A Taxonomy of Tech Debt

(https://technology.riotgames.com/ “Riot Games Tech”)

Summary

When measuring a piece of tech debt, you can use impact (to customers and to developers), fix cost (time and risk), and contagion.

Contagion can be a developer’s worst enemy as a problem burrows in and becomes harder and harder to dislodge.

It is possible, however, to turn contagion into a weapon by making your fix more contagious than the problem.

Metrics

In order to make good decisions about what problems to fix now and what to fix eventually (or, realistically, never), we need a way to measure a particular piece of tech debt. I’ve identified 3 major axes to evaluate on: impact, fix cost, and contagion.

Impact

The first axis is the most obvious: the impact of the debt.

This takes the form of player-facing issues (bugs, missing features, unexpected behavior), and developer-facing issues (slower implementation, workflow issues, random useless shit to remember).

Fix Cost

The second axis has to do with the cost to fix the tech debt.

If we decide to fix an issue in our code or data, it will require someone’s measurable time to fix. If it’s a deeply rooted assumption that affects every line of code in the game, it may take weeks or months of engineering time. If it’s a dumb error in a single function, it may be fixable in a matter of minutes. Regardless of the time to implement a fix, though, we also must consider the risk of actually deploying that fix.

Contagion

The third axis is something I’ve become obsessed with: contagion.

If this tech debt is allowed to continue to exist, how much will it spread? That spreading can result from other systems interfacing with the afflicted system, from copy-pasting data built on top of the system, or from influencing the way other engineers will choose to implement new features.

If a piece of tech debt is well-contained, the cost to fix it later compared to now is basically identical. You can weigh how much impact it has today when determining when a fix makes sense.

If, on the other hand, a piece of tech debt is highly contagious, it will steadily become harder and harder to fix.

What’s particularly gross about contagious tech debt is that its impact tends to increase as more and more systems become infected by the technical compromise at its core.

Types of Debt

Now that we have a framework for measuring a particular piece of tech debt, let’s talk about some broad categories of tech debt:

Local Debt

Local debt resembles the classic “black box” model of programming.

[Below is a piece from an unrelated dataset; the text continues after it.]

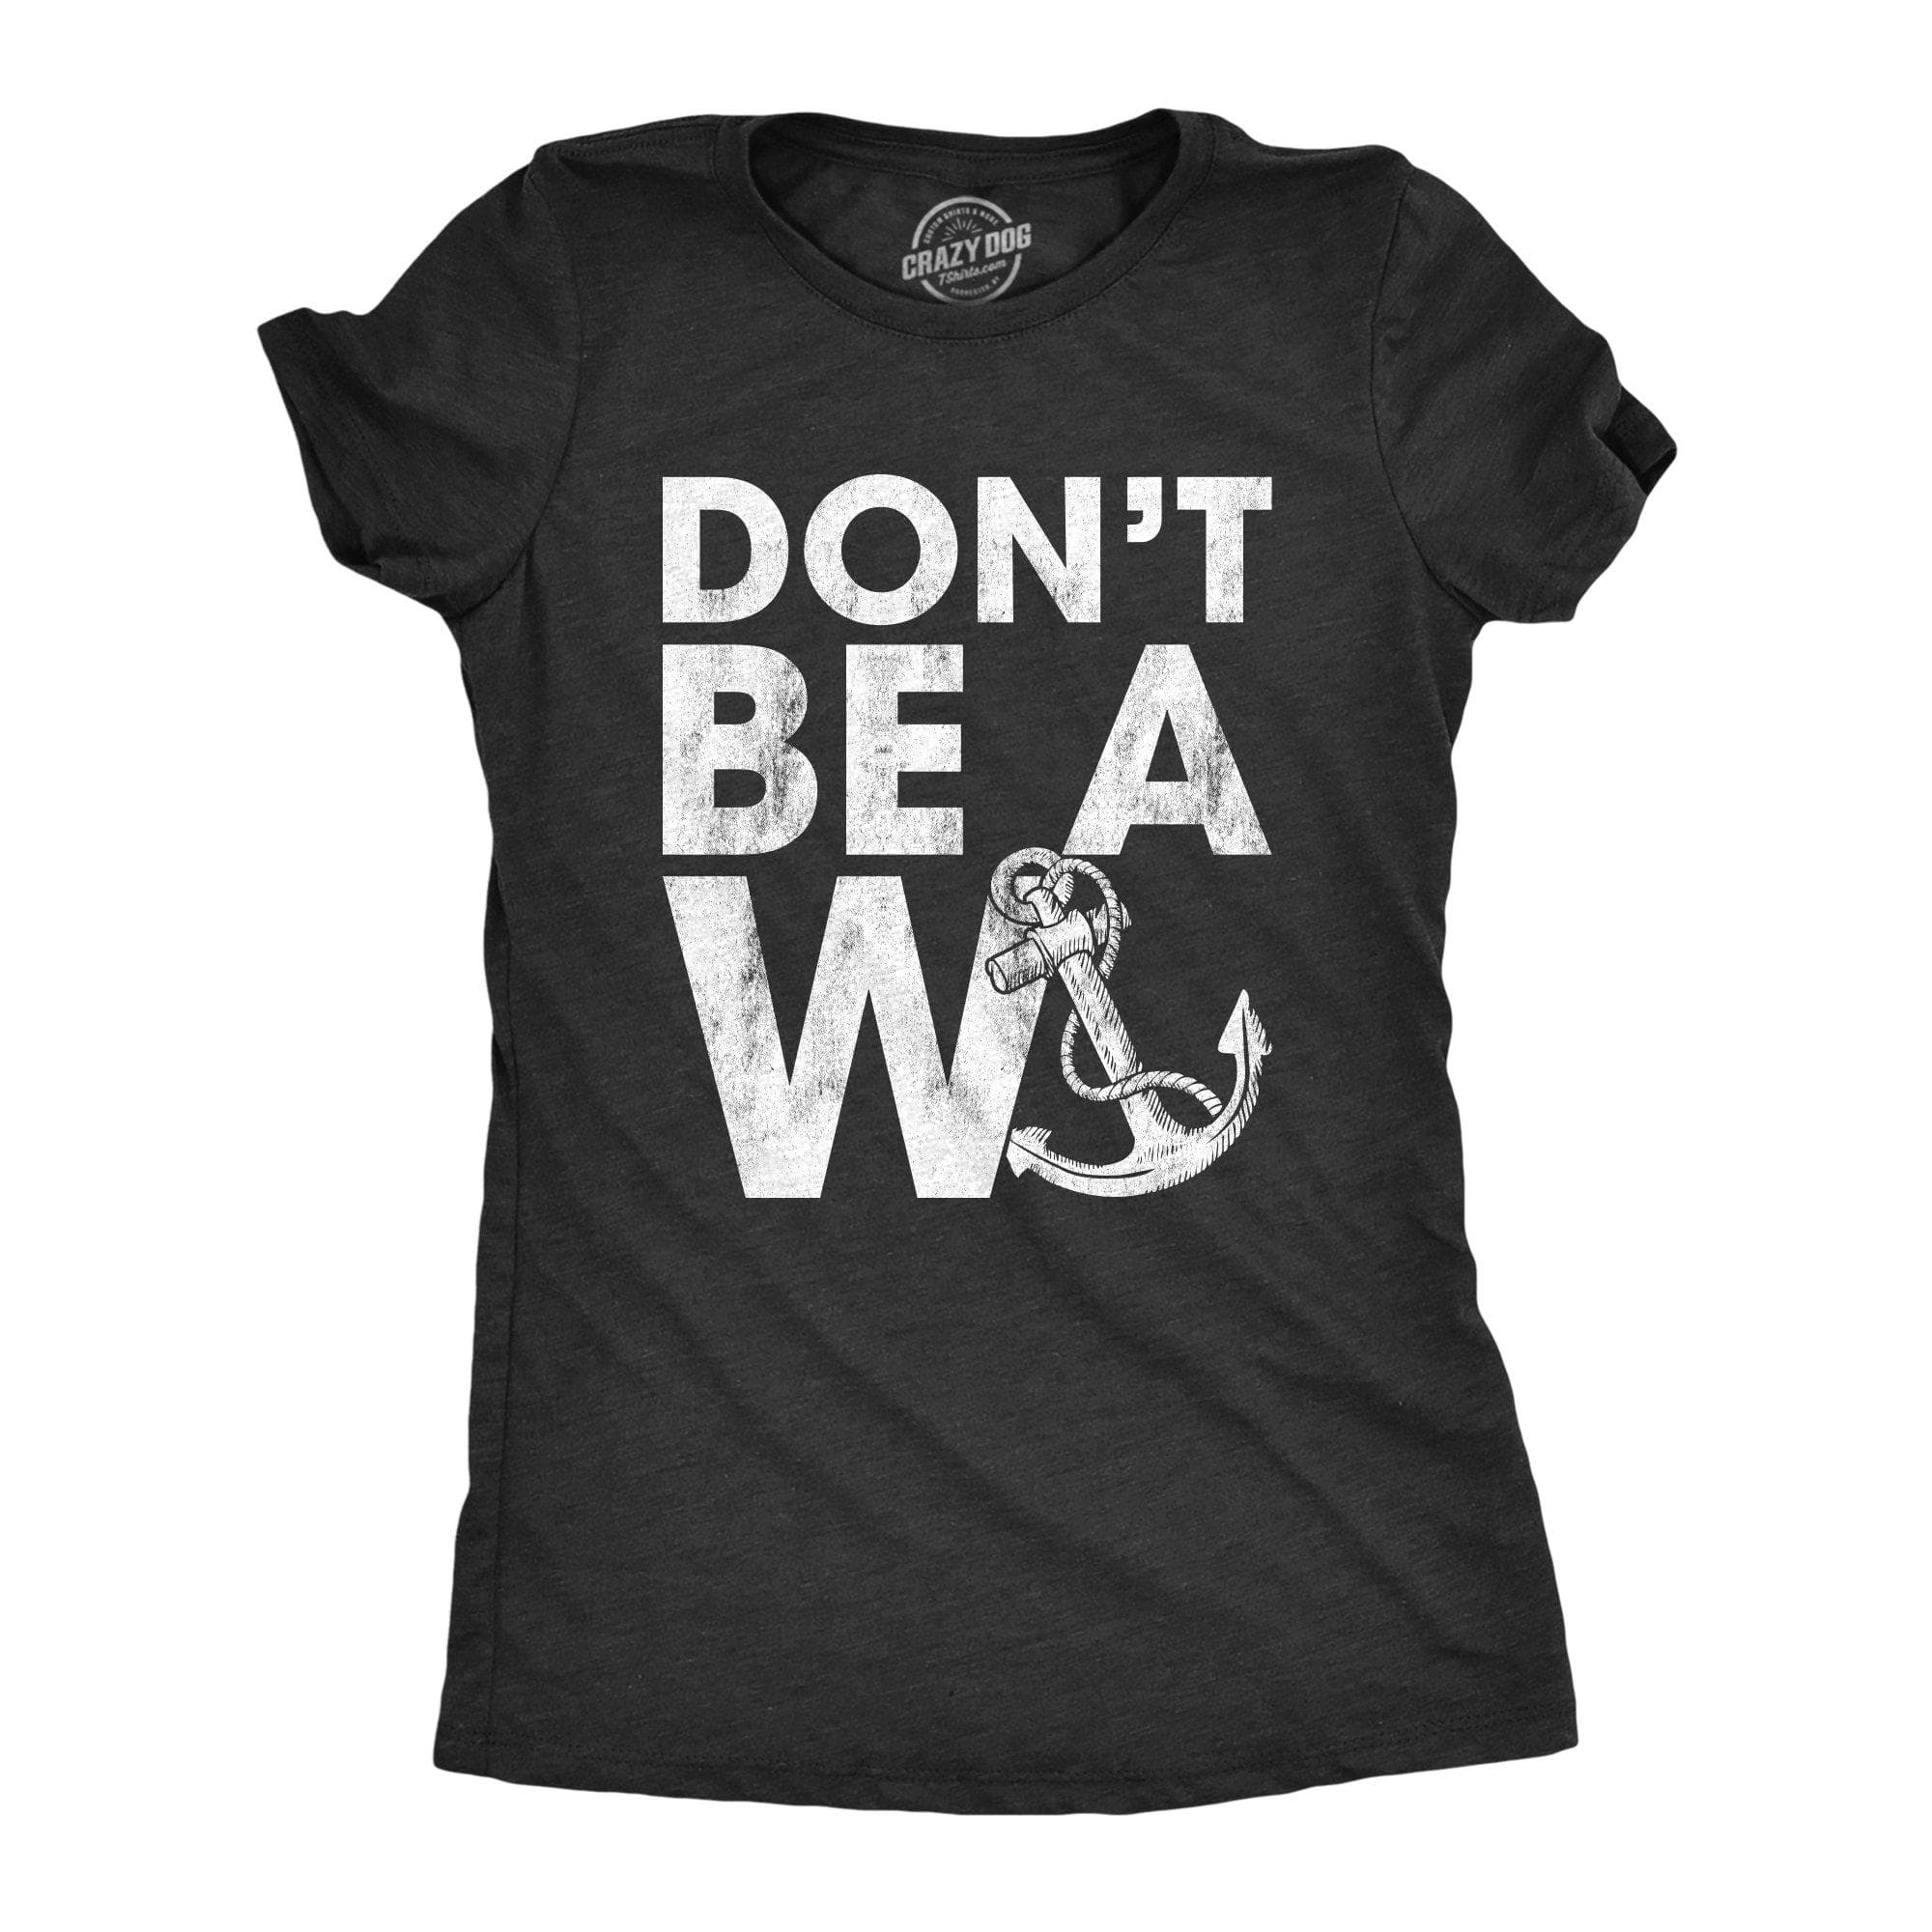 https://cdn.shopify.com/s/files/1/2959/1448/products/crazy-dog-t-shirts-womens-t-shirts-don-t-be-a-wanker-women-s-tshirt-14108100165747_2000x.jpg?v=1621789820

As far as the rest of the game is concerned, the local system (spell, network layer, script engine) works pretty reliably.

No one needs to keep the debt in mind as they develop around the system. But if anyone opens the lid and looks inside, they’ll be horrified, disgusted, or completely confused by what they see.

MacGyver Debt

MacGyver debt is named after the TV show from the mid 80s. Angus MacGyver would solve problems using his swiss army knife, duct tape, and whatever else was on hand.

His solutions often involved attaching two unlikely pieces; in the context of tech debt, this means two conflicting systems are “duct-taped” together at their interface points throughout the codebase.

Foundational Debt

Foundational debt is when some assumption lies deep in the heart of your system and has been baked into the way the entire thing works. Foundational debt is sometimes hard to recognize for experienced users of a system because it’s seen as “just the way it is.”

A hilariously stupid piece of real world foundational debt is the measurement system referred to as United States Customary Units. Having grown up in the US, my brain is filled with useless conversions, like that 5,280 feet are in a mile, and 2 pints are in a quart, while 4 quarts are in a gallon. The US government has considered switching to metric multiple times, but we remain one of seven countries that haven’t adopted Système International as the official measurement system. This debt is baked into road signs, recipes, elementary schools, and human minds.

Data Debt

Data debt starts with a piece of tech debt from one of the other categories.

Perhaps it’s a bug in the scripting system, a less-than-desirable file format for items, or two systems that don’t play very well with each other. But then a ton of content (art, scripts, sounds, etc.) gets built on top of that code deficiency. Before too long, fixing the initial tech debt becomes extremely risky and it becomes painfully hard to tell what you’ll break if you try to fix anything.

My favorite real world example for understanding data debt is DNA. The genome of an organism is slowly built up over millions of years through lossy copies (mutations), transcription errors, and evolutionary pressure. Some copy errors are useless but benign, others are harmful, and others confer powerful advantages. Attempting to figure out what any piece of DNA actually does is incredibly difficult. We fully understand what the base pairs mean, and how sets of base pairs translate into amino acids for protein construction. We are even starting to understand more about some non-encoding roles that DNA can play. But in the 3 billion plus base pairs of the human genome, there’s still so much we don’t even remotely understand. Radiolab’s episode about CRISPR highlights one such puzzle that was recently cracked.